# HOT!



## sparks879 (Oct 17, 2007)

What a week western washington has been having. Our real highs usually hit around ninety to nintey five during the summer here. Sunday, Seattle was at 102 degrees. A record high! Today they are estimating 110 degrees by three o clock. My thermometor says 100 right now its quarter after one. We dont have air conditioning like people who get these highs on a yearly basis. We have fans set all over the place and im still sweating. Thinking about heading down to the water soon....The nights dont offer much relief last night it didnt get below ninety till after midnight.
My cats dont want to come in the house for good reason. Yesturday evening i put some ice cubes out on the deck and fizz my manx was rolling around on them. 
On top of that we are having whats known as a red tide. The seaweed on the east side of the island in blooming. The entire town of Freeland (where i live) smells like something died. and the weather isnt making things any better. when the tide heads out it leaves a large amount of the stuff on the beach, where it basically cooks in the hot sun.
I was watching the news at six, swamp coolers are sold out across western washington. They showed one of the local home depots putting out an entire pallet of fans, they were gone in less then twenty minutes. We have several fans going and are buying dry ice on a daily basis, to put in front of the fans. it makes a little cooler air. My brothers dug out one of my horse watering troughs when they got home from work and filled it with cold water just to sit in it. I saw one family on the news who didnt have a pool so they put a tarp in the bed of their truck and filled it with water. ******* swimming pool. 
The local fire departments have set up cooling stations as well as their hoses out in parks for people to drench themselves in. The warmer weather has brought a couple of thunderstorms in and there was one big brush fire. Also a couple of power outages due to heat. 
Another problem they said were running into is community wells are getting really low. We had a little bit of rain last week but it wasnt enough to do much.
Well get through it though. we're finding ways.
beth


----------



## cdtrum (Aug 25, 2008)

Oh Beth......I feel for you guys.....My daughter lives out there, Yelm, she calls every day telling me how horrible it is and a lot of people out there don't have air conditioning......my daughter has a new home, but no central air....she has a nice window unit, but it keeps blowing the breaker trying to keep up. I was in Oklahoma last week visiting my sons family and it was 107! I have not felt temps like that since growing up in Dallas and I do not miss the summers down there. 
I pray ray: that relief comes to you guys soon.....when your not use to those kind of temps it is just awful.
Stay inside and cool, Denise


----------



## sweetgoats (Oct 18, 2007)

OH man, I am so sorry. We have really nice weather here. I rains everyday and things are green finally.
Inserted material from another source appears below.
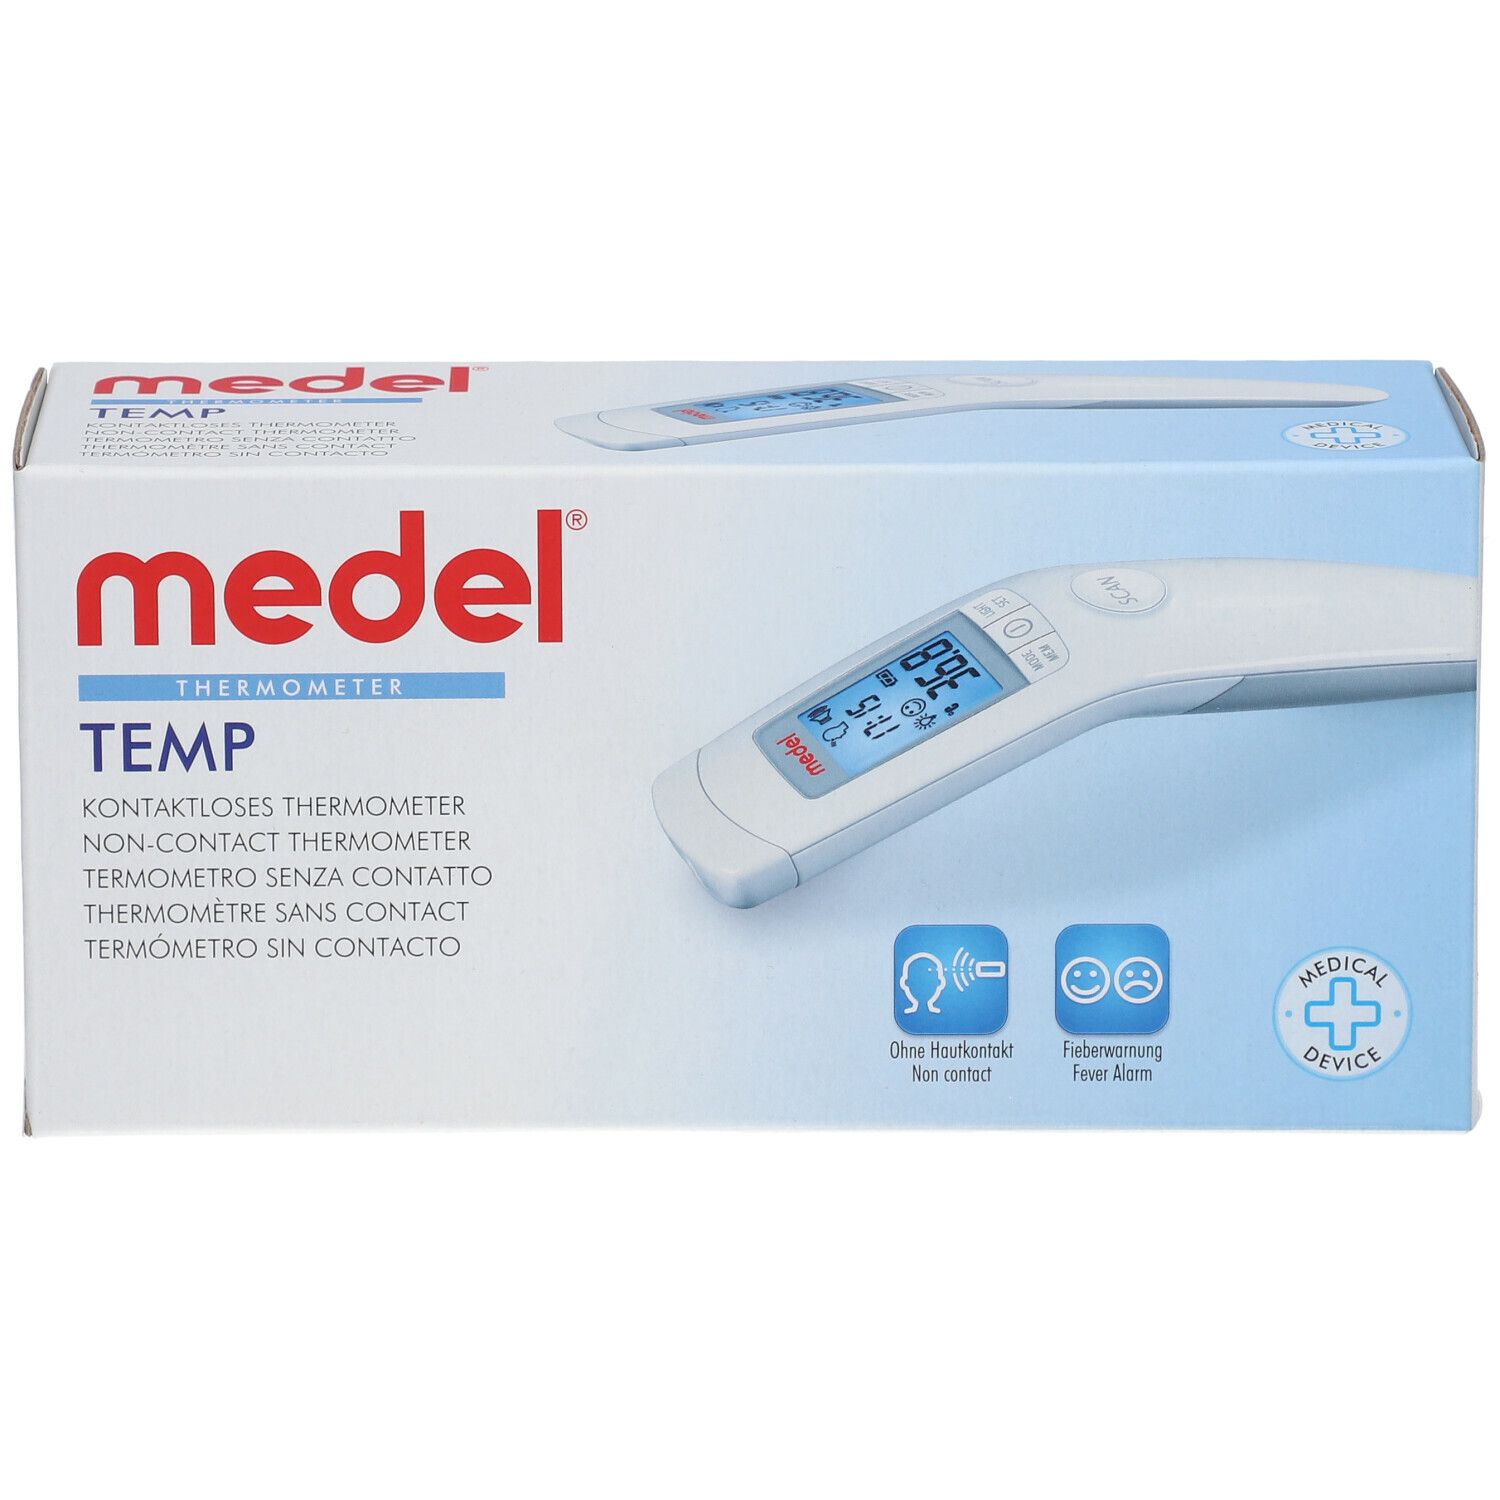 medel® Temp kontaktloses Thermometer 1 St - SHOP APOTHEKE
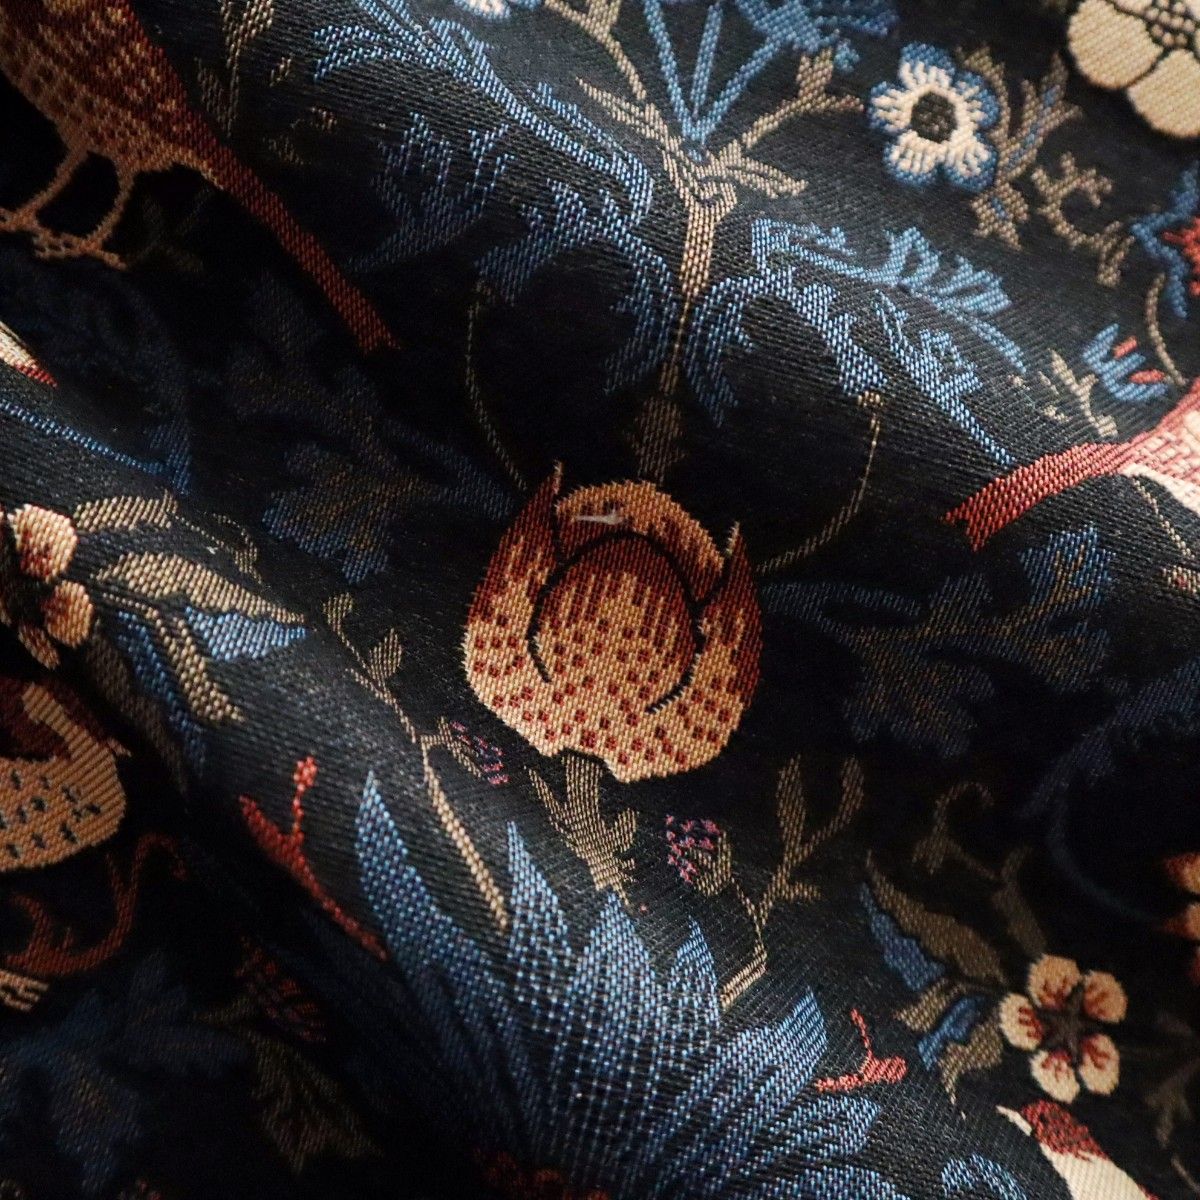 J60A 花鳥柄 ゴブラン織り生地 ジャガード織り ブラック 145×50cm

While we were at the County fair, we only had the air conditioner on once, normally it is every day.


----------



## AlaskaBoers (May 7, 2008)

wow! yeah that really must suck....or stink which ever. but that's like unbearable heat.

i'm getting pretty pissed at the weather here too. about 60F so its not cold, but its raining for three or four straight days, with a week more rain. the pens are very mucky and grrrrrr. 

the weather certainly has been weird throughout the nation


----------



## capriola-nd (Jul 6, 2008)

I was just about to post something about how stinkin' hot it is around here!!! I am hating it sooooo much! Today, it is supposed to be 106 and it hasn't been this hot here ever, or at least I can't remember it ever being this hot. It's awful. . . makes me not want to do anything but sit in front of the AC. 

It's supposed to cool down this weekend, just a bit, and then get cooler next week (90's, not that cool). But of course, I am leaving for Rome on Sunday and it'll probably be super hot over there. Yeah. :roll:


----------



## Dreamchaser (Oct 30, 2008)

LOL! From Arizona, @ a comfortable 102.... 

That sounds terrible. I know how it can be. One day I'm going to move up to the North West, and I'm getting an air conditioner just for that reason! It doesn't happen up there that often, but when it does it is miserable! And speaking of miserable, it's that way down here too. Only, we have the cooking stink of horse poo/pee blowing up here.

Dayna


----------



## nancy d (Oct 5, 2007)

Yeah the main problem is not only do alot of folks not have AC, we are just not used to heat like this.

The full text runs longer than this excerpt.